Hello - we see the same SVD error with the test set as well.

It doesn't look like a problem with the stability of the SVD algorithm, but an issue with the input of the SVD, the cross-covariance matrix A@B_T in the Kabsch algorithm. It looks like the sampled ligand pose may be returned as NaN so the optimal rotation from the input ligand pose cannot be calculated. Can you please confirm that the pose sent to Kabsch algorithm is always a legitimate one?

The issue does not persist always at the same ligand or protein, resampling it enough sometimes gives legitimate poses to continue with, but it is not rare either, we cannot run the test set without encountering this error at least once. Thanks;

son-h-pham commented 1 year ago

Hello, I do not have the logs on hand, but I used version fff8f0b for a few docks, and I can recall similar errors. However, the behavior previously was to skip the protein-ligand pair and move on to the next one, while the latest branch aborts the run entirely. The error occurs in <1% of ligands in my experience, so for the moment restoring the previous behavior would be of great help. Thanks

Glinttsd commented 1 year ago

Hi,I also encountered these errors. I wonder what exact previous version should I restore?

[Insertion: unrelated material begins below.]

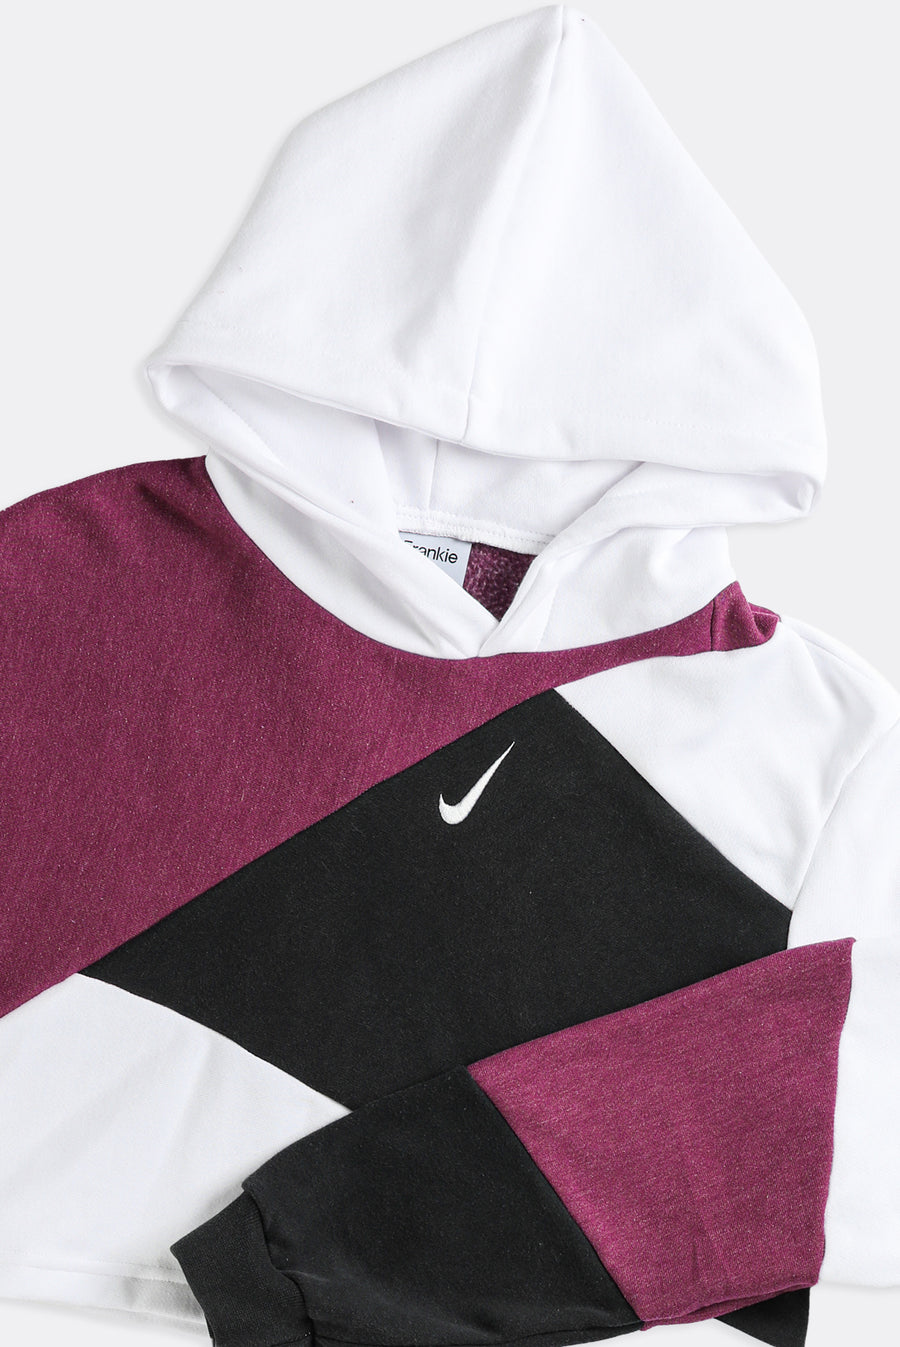 Rework Nike Patchwork Crop Sweatshirt - S
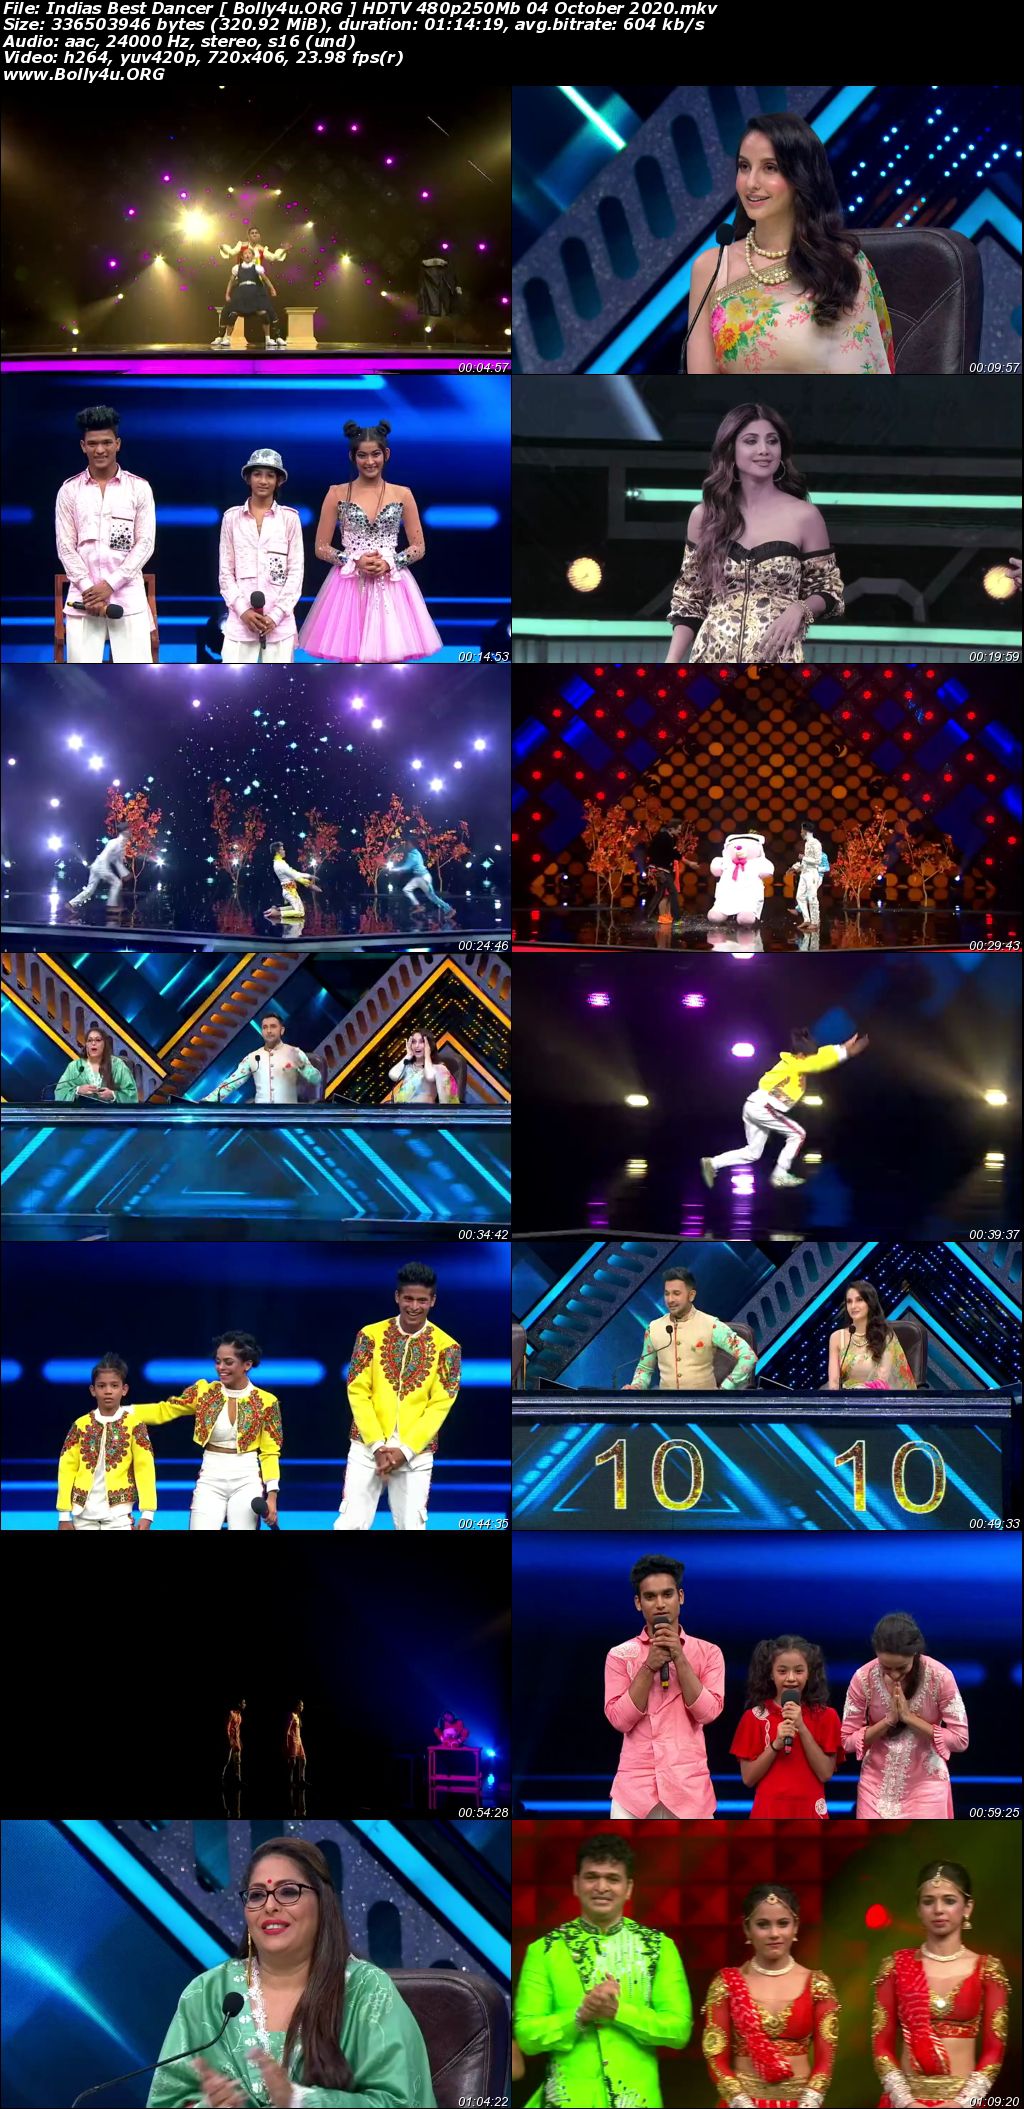 Indias Best Dancer HDTV 480p 250Mb 04 October 2020 Download

son-h-pham commented 1 year ago

Hi @Glinttsd I used branch fff8f0b, and also removed the diffdock conda environment and reinstalled it along with the dependencies.

gcorso commented 1 year ago

I've removed the raise in the catch of the exception. The inference should now run across all the files skipping the ones it fails for (printing the error). To avoid the SVG issue causing complexes to be skipped, one can easily add a for loop that retries the same complexes a few times when it fails before moving to the next one. I hope this helps!